Pekanbaru, TNN – Dinas Pertanian dan Perikanan Kota Pekanbaru mengikuti Rapat pembahasan RKP DBH Sawit Tahun Anggaran 2025. Rapat yang diselenggarakan oleh Bappelitbang Provinsi Riau ini berlangsung secara daring, Selasa (23/4/2023) dan diikuti selain Kota Pekanbaru, juga 10 kabupaten/kota lainnya di Riau yaitu Indragiri Hilir, Indragiri Hulu, Kampar, Kuantan Singingi, Siak, Rokan Hilir, Rokan Hulu, Bengkalis, Pelalawan, dan Kota Dumai.
Narasumber rapat tersebut dari Kementrian Dalam Negeri RI, Kementrian Kuangan RI(DJPK), Kementrian Pertanian RI, dan Kementrian PUPR RI. Rapat pembahasan RKP DBH sawit itu dibuka oleh Kepala Bappelitbang Provinsi Riau, Emri Juli Harnis. Sementara dari Dinas Pertanian dan Perikanan Kota Pekanbaru di hadiri oleh Kepala Bidang Perkebunan Rizal, MA,M.IP.
Dalam sambutannya, Emri menyampaikan secara ringkas tentang alokasi DBH sawit. Dimulai dari dasar pelaksanaan, kemudian tahapan penyusunan RKP DBH Sawit tahun 2024, alokasi DBH sawit untuk Provinsi Riau tahun 2023 dan 2024 serta alokasi untuk masing-masing kabupaten/kota di Riau dan peruntukkannya sesuai dengan peraturan yang berlaku.

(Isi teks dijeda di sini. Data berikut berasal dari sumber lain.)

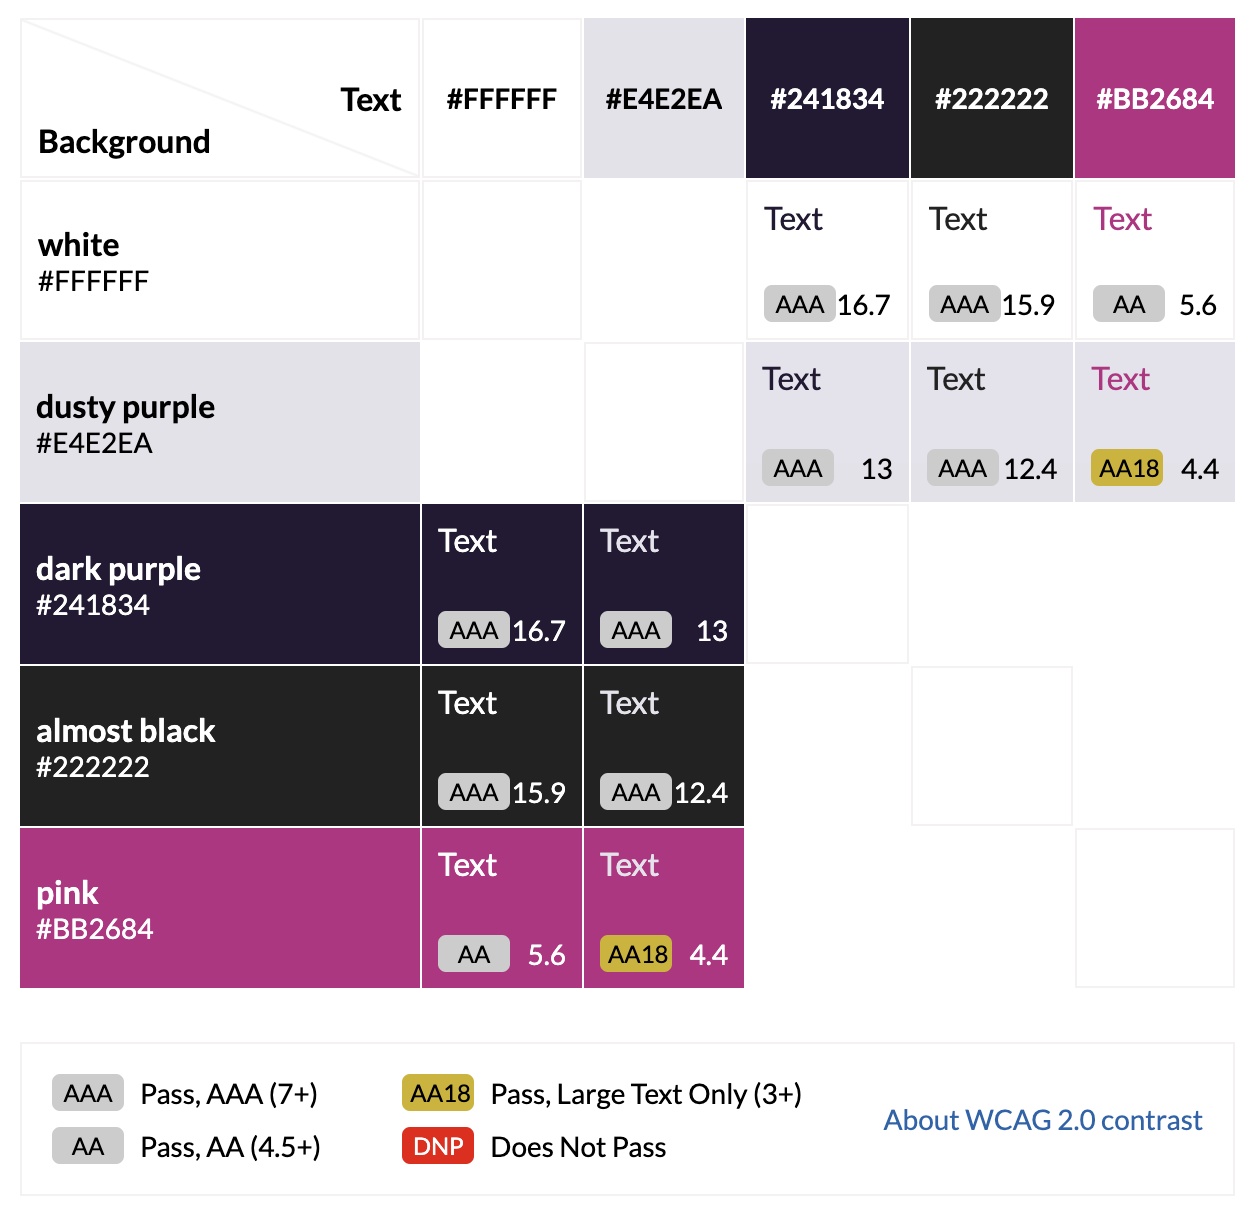 Color contrast grid showing AA and AAA passing for every combination of these colors: #FFFFFF (white), #E4E2Ea (dusty purple), #241834 (dark purple), #222222 ( almost black), #bb2684 (pink).

Berdasarkan pemaparan tersebut, disampaikan bahwa alokasi DBH Sawit Kota Pekanbaru untuk tahun 2025 sebesar Rp, 4,2 miliar lebih. Sesuai dengan Peraturan Pemerintah Republik Indonesia Nomor 38 Tahun 2023 tentang Dana Bagi Hasil Perkebunan Sawit, dana DBH Sawit dimanfaatkan untuk pembangunan dan pemeliharaan infrastrukur jalan serta kegiatan lainnya.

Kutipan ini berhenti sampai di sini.